Ihe gave this as an example of a data format that is simple and is XML:
<thoughtProvoker name="Roger Costello"/>
I think a good measure of the simplicity of a data format is how much prose (ink) is needed to explain the format. Clearly not a lot of ink would be needed to explain the above format to an XML person. But if the person knows nothing about XML, then large amounts of ink would be needed; likely a substantial amount of the XML specification.
Contrast with this data format:
Jon Bentley Avaya
Brian Kernighan Princeton University
Paul Hudak Yale University
Explaining that data format is simple:
Well for starters it omits a material piece of information conveyed by the XML format as to whether they are thought provokers or not.
The data format consists of lines. Each line contains two fields separated by a tab symbol. The first field is the name of a person. The second field is the person’s employer.
Says who. How do I know from looking at that that Kernighan and Hudak aren't students or that the 2nd field isn't just a location. Suppose I don't know where they work, do I have 1 field or 2 and will there be a trailing tab in that scenario?
Ihe also wrote:
> Simplicity is good but if the data format (and/or its supporting ecosystem)

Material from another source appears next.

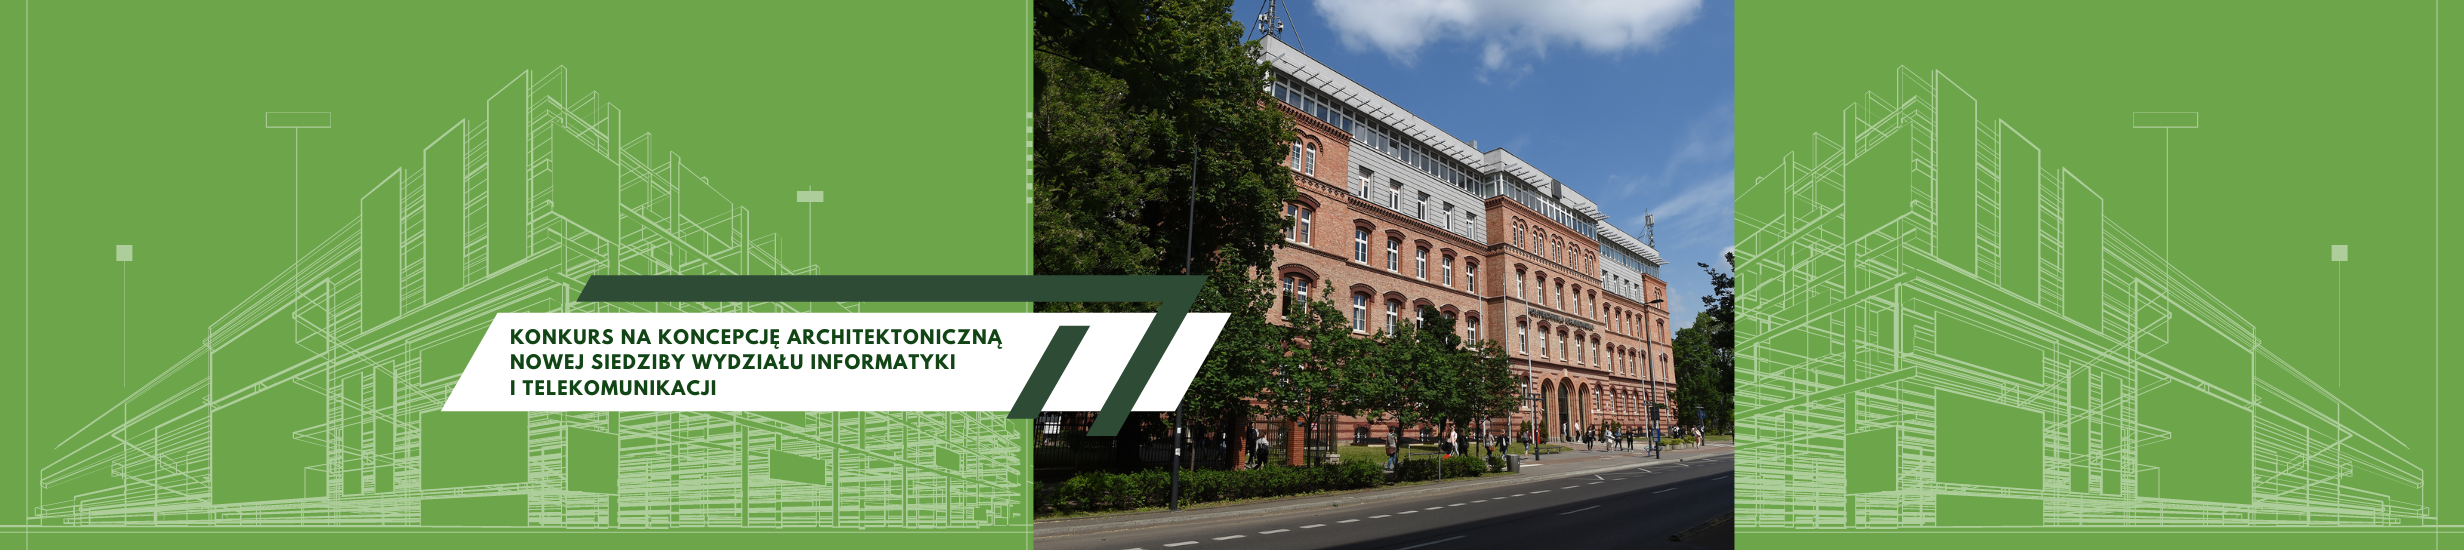 Nowa siedziba Wydziału Informatyki i Telekomunikacji - ogłoszono konkurs architektoniczny Politechniki Krakowskiej i SARP

> is too simple for the application the work simply shifts to the application
> where it will probably be duplicated and subjected to multiple approaches.
What does this mean: "the data format is too simple for the application to work"?

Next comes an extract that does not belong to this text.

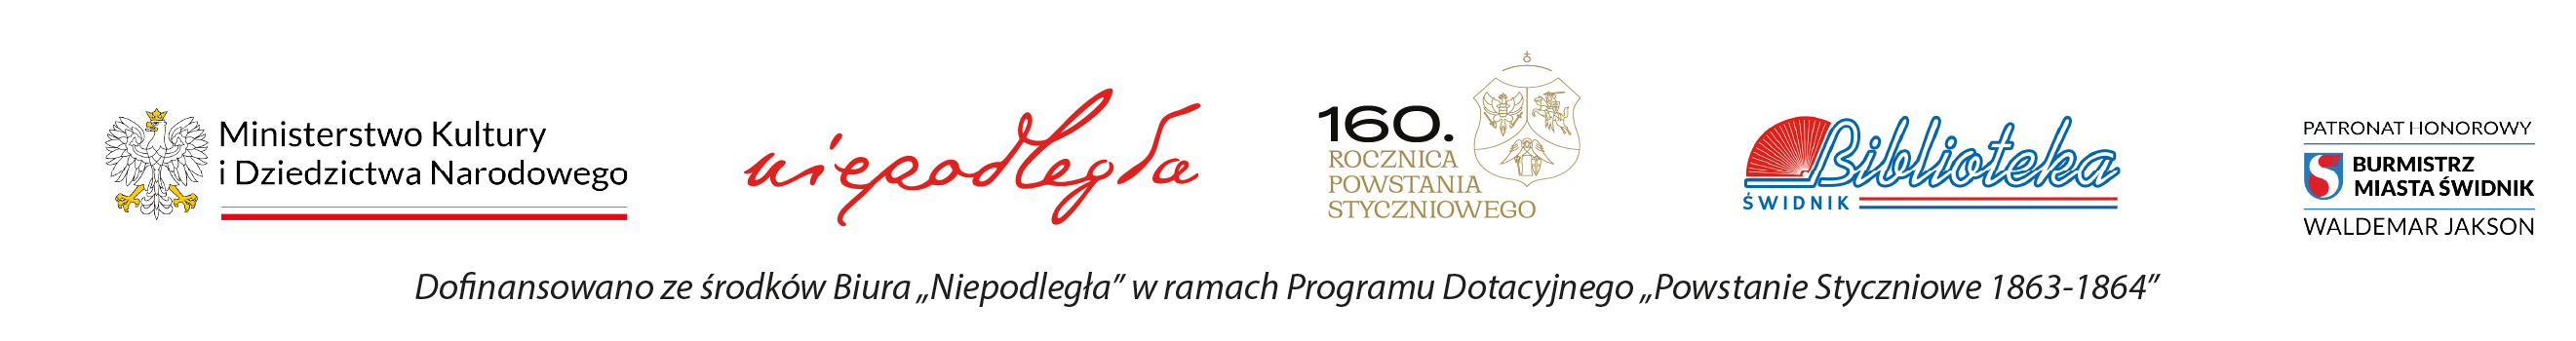 belka z logami ministerstwa kultury, Niepodległej, 160.rocznicy Powstania Styczniowego i logo burmistrza Świdnika

No. It means that because complexity is a feature of the domain, rather than simplifying anything, applying a "too simple" data format to the domain is going to create an order of magnitude more work elsewhere (usually for other groups) .
Almost any non-trivial domain entails subtyping - e.g an insurance policy would have subtypes of home and auto and within that personal and commercial etc.
Suppose I decide to attack that with JSO..... oops.... a format whose ecosystem has no support for subtypes so to get subtype semantics they will have to be implemented in the application so that work doesn't go away, it just shifts from the data model to the application programs and from one group to another. True there will be those that will argue that's where it should be.
As for an ecosystem for a data format, the neat thing about little languages is that it's easy to build little tools to support them. That is, it's easy to quickly develop an ecosystem.
Lastly, Ihe wrote:
> Simplicity is good but it can also be a one way bet at the outset from which:
> there is no upgrade path. So if you subsequently decide that there are
> structures latent in data you once thought was suitable to be treated as
> text you are going to have a hard time shifting a text based ecosystem
> to exploit that.
I think this is talking about enhancing a data format with additional kinds of data. For example, in the data format above, add the person's age:
Jon Bentley Avaya 61
Brian Kernighan Princeton University 80
Paul Hudak Yale University 62
From my (admittedly brief) experience with little tools such as AWK, such an enhancement would be seamlessly handled.
What if Bentley retires or leaves Avaya - is there a tabbed placeholder for him in which case you know have the complications of 3-valued logic, if not the cardinality of fields in each row becomes variable.